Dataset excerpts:

--------------------------------------------------

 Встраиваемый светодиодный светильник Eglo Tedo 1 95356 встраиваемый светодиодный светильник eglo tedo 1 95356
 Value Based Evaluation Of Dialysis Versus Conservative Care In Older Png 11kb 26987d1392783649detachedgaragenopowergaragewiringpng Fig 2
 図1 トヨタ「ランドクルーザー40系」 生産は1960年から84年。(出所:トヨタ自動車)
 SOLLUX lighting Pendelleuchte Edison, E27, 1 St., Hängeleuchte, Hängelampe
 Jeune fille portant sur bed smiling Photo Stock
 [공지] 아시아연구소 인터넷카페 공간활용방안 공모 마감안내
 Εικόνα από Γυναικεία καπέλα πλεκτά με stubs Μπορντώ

--------------------------------------------------

TASK TO CARRY OUT:
Every entry shown above is to be written out exactly.

OUTPUT FOR THIS EXERCISE:
 Встраиваемый светодиодный светильник Eglo Tedo 1 95356 встраиваемый светодиодный светильник eglo tedo 1 95356
 Value Based Evaluation Of Dialysis Versus Conservative Care In Older Png 11kb 26987d1392783649detachedgaragenopowergaragewiringpng Fig 2
 図1 トヨタ「ランドクルーザー40系」 生産は1960年から84年。(出所:トヨタ自動車)
 SOLLUX lighting Pendelleuchte Edison, E27, 1 St., Hängeleuchte, Hängelampe
 Jeune fille portant sur bed smiling Photo Stock
 [공지] 아시아연구소 인터넷카페 공간활용방안 공모 마감안내
 Εικόνα από Γυναικεία καπέλα πλεκτά με stubs Μπορντώ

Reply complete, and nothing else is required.